Saçma sapan şeyler de olsa yazdıkları her gün kendilerine yazma zamanı belirleyip taviz vermeden yazsınlar. Sonrasında yazdıkları için bir demlenme süresi belirlesinler, yani ürünleri biraz bekletsinler. Sonra da acımasız bir eleştirmen tavrıyla yazdıklarını eleştirsinler. Ali Fuat Başgil Hoca’nın tabiriyle o eleştiriler sırasında dikkate değer bir tek cümle bile ortaya çıksa , o yazı dikkate değerdir.

İbrahim Hocam kitaplarınızın veya eserlerinizin isimlerini öğrenebilir miyiz?

Ben, daha çok tiyatro oyunları kaleme alıyorum. İlk kitabımı çıkarmaya karar verdiğim sıralar yayına hazır iki eserim mevcuttu. Birisi üç tiyatronun birleşimi, diğeri ise bir diksiyon kitabı… Hangisini seçelim diye editörüme sordum. Verdiği cevap enteresandı. ”Nasıl tanınmak isterseniz o eseri seçin. Teorisyen olarak tanınmak istiyorsanız diksiyon kitabını tercih etmelisiniz ama yazar olarak tanınacaksanız seçmeniz gereken eser diğeridir. Ben de “Toplu Oyunlar” adı ile üç piyesin bulunduğu kitabı seçtim. Bir diksiyon kitabı yine üç eserden oluşan bir tiyatro kitabı, bir de hikaye kitabı var sırada… İnşaallah uygun bir zamanda bunları da okuyucu ile buluştururuz.

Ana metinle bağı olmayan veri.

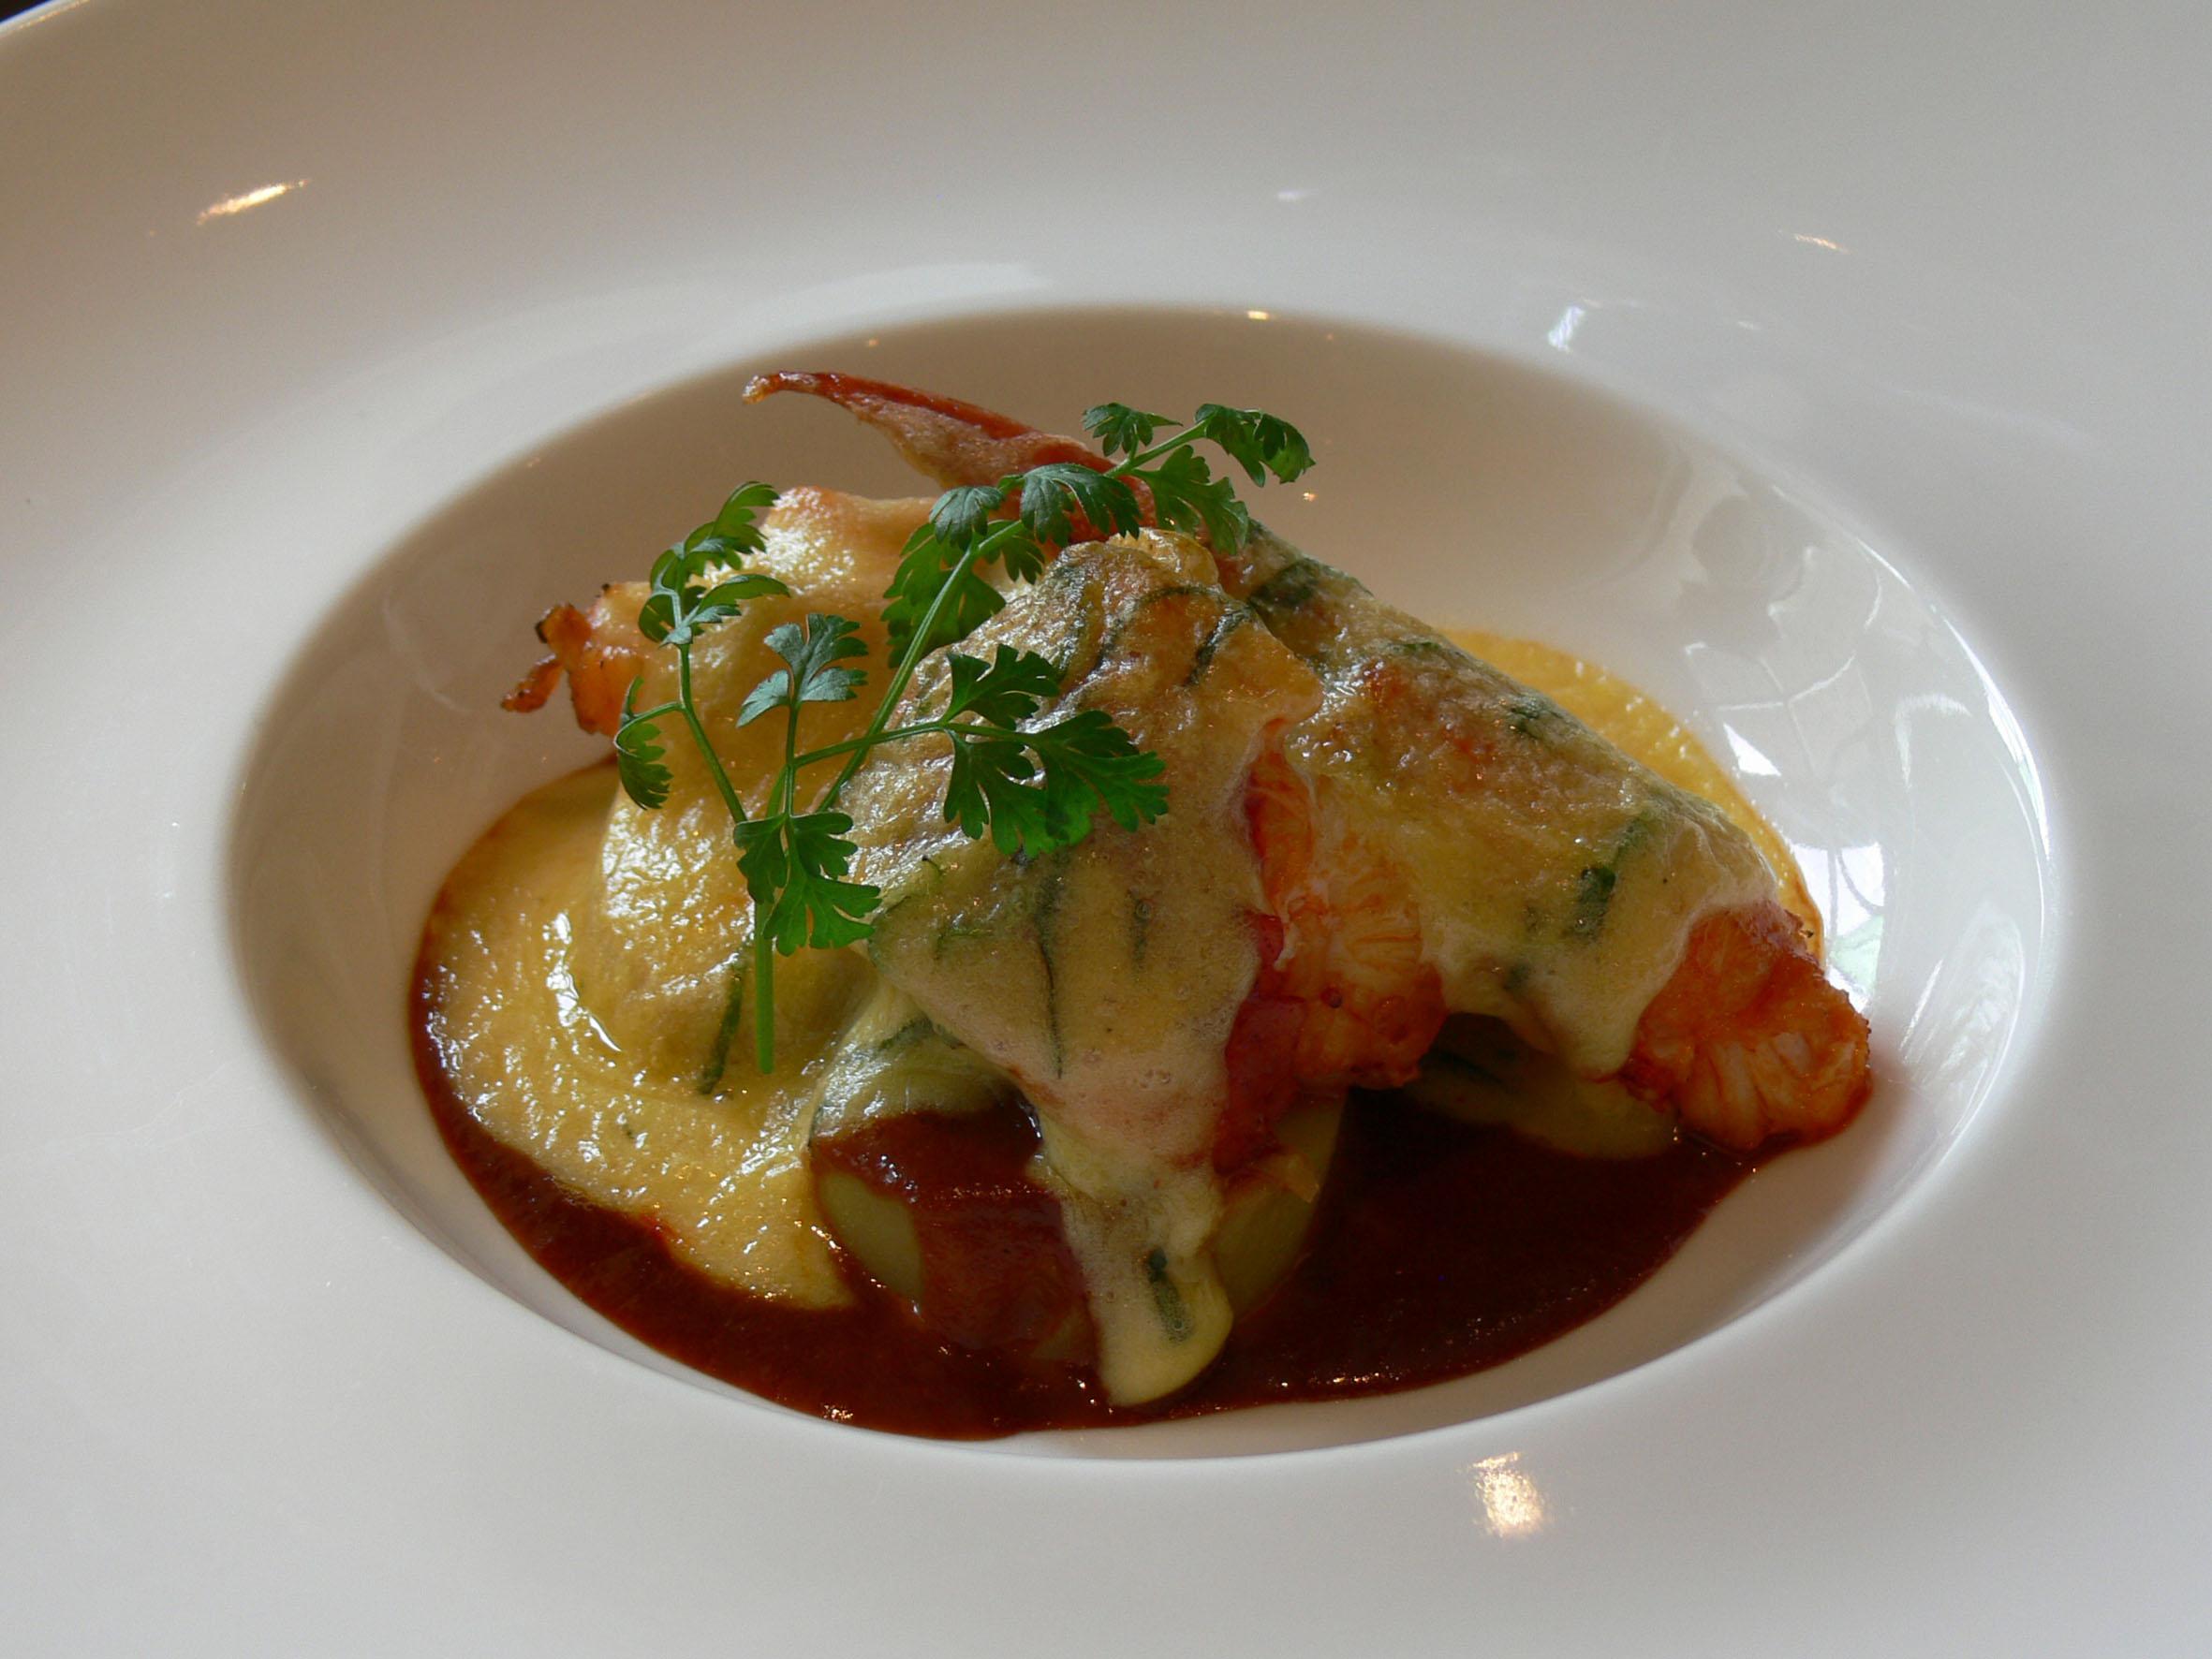 D licieux cours de cuisine autour du homard l 39 h tel des - Cours de cuisine normandie ...

Yazarlık serüveniniz de unutamadığınız bir hatıranızı paylaşabilir misiniz?

Aynı zamanda ilkokul öğretmenim de olan babam anneler gününde kendisinden para alınarak anneye verilen hediyenin gerçek bir hediye olmadığını söylerdi her zaman. Bu fikrin yansıması olarak ben de anneme hediye alabilmek için ırgatlığa gidip akşama kadar bağ bahçe bellediğimi hatırlıyorum. Fakat annem, kendisine verdiğim en anlamlı hediyenin kendi hazırladığım bir kitap olduğunu söyler. İlk okul dördüncü sınıftayken kendi yazdığım basit bir hikayeyi kağıda aktarmış, çizimlerle süslemiş, büküm yerinden dikerek bir tür cilt oluşturmuş bir halde anneme hediye etmiştim. Annem çok duygulanmış hikayeyi okuduktan sonra onu çok beğendiğini ifade etmişti. Son söz olarak da ”İnşaallah yazdığın bir kitabı da bana hediye ettiğini görürüm.” demişti.

Yıllar sonra, basılan kitabımı anneme hediye ettiğimde yaşadığımız yoğun duyguları anlatmakta zorluk çekiyorum inanın…  

İbrahim Hocam vakit ayırdığınız için teşekkür ederim.